━━━ Listed entries ━━━

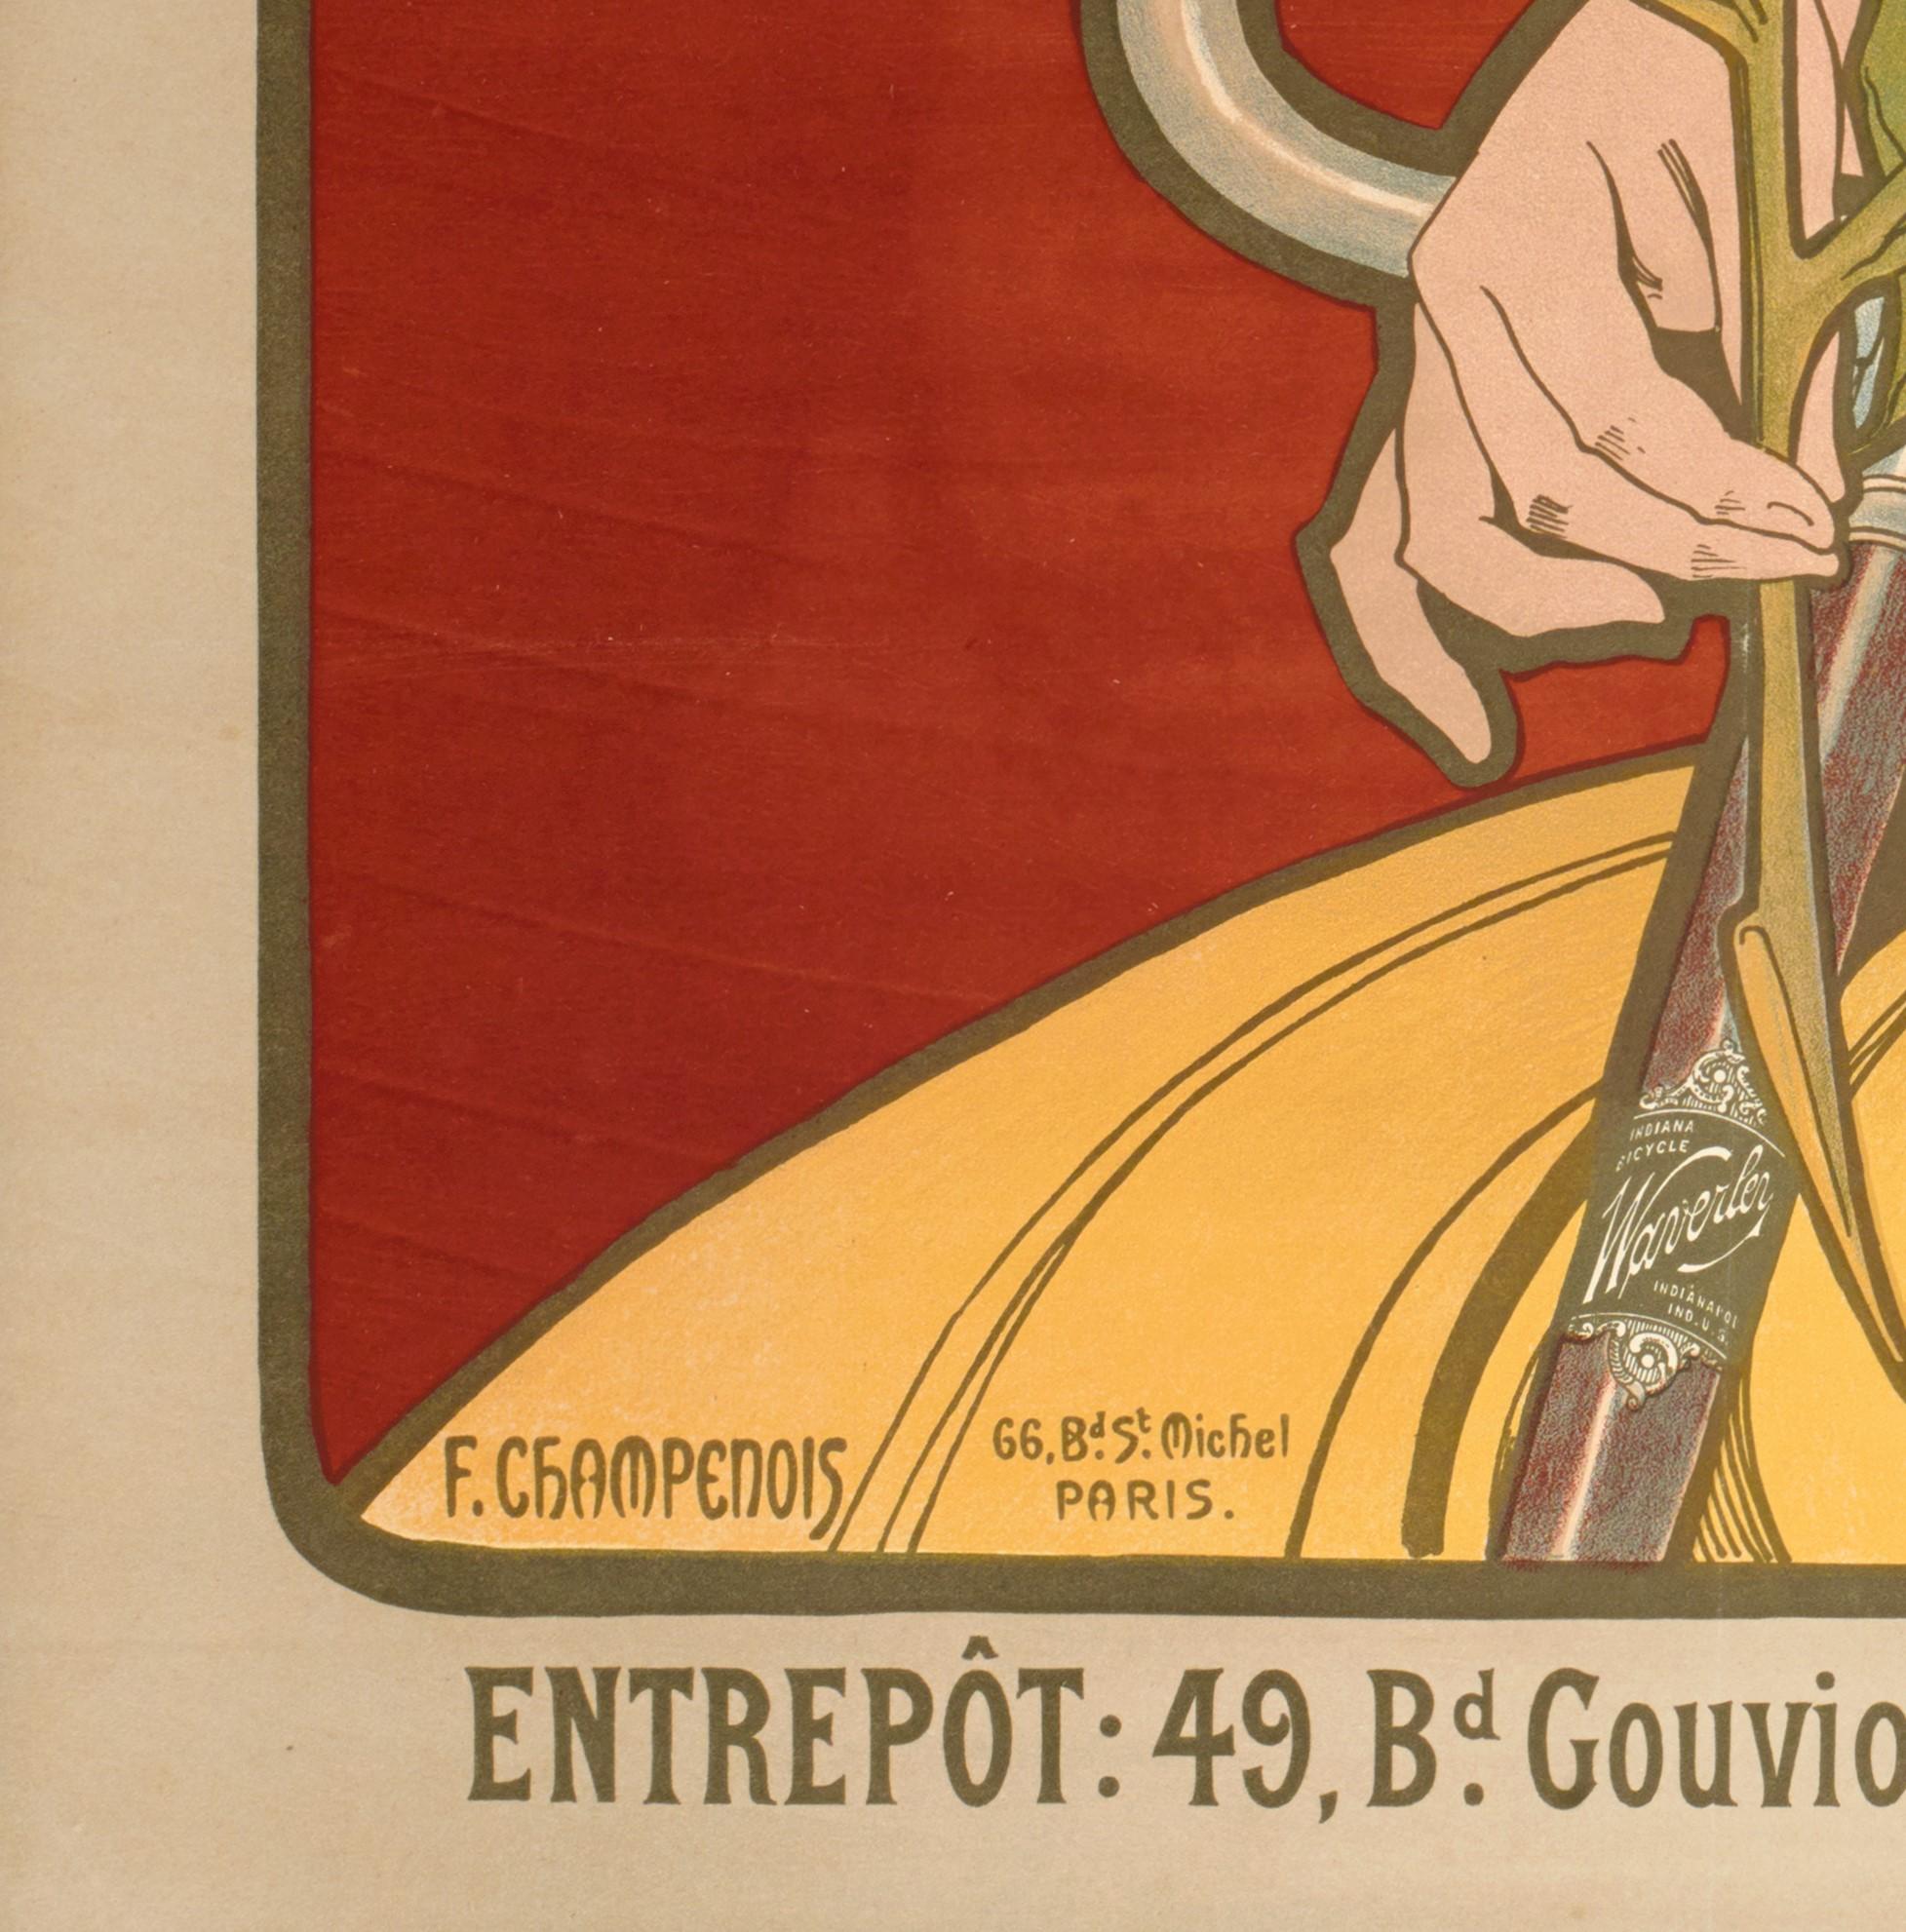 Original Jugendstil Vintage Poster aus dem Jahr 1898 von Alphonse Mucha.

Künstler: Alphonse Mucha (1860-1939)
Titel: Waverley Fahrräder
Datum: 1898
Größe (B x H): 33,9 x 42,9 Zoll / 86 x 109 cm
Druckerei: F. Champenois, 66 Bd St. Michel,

━━━

What is required:
Each record above must be retyped exactly as given, with the images excluded.

Response area:
 Original Jugendstil Vintage Poster aus dem Jahr 1898 von Alphonse Mucha.

Künstler: Alphonse Mucha (1860-1939)
Titel: Waverley Fahrräder
Datum: 1898
Größe (B x H): 33,9 x 42,9 Zoll / 86 x 109 cm
Druckerei: F. Champenois, 66 Bd St. Michel,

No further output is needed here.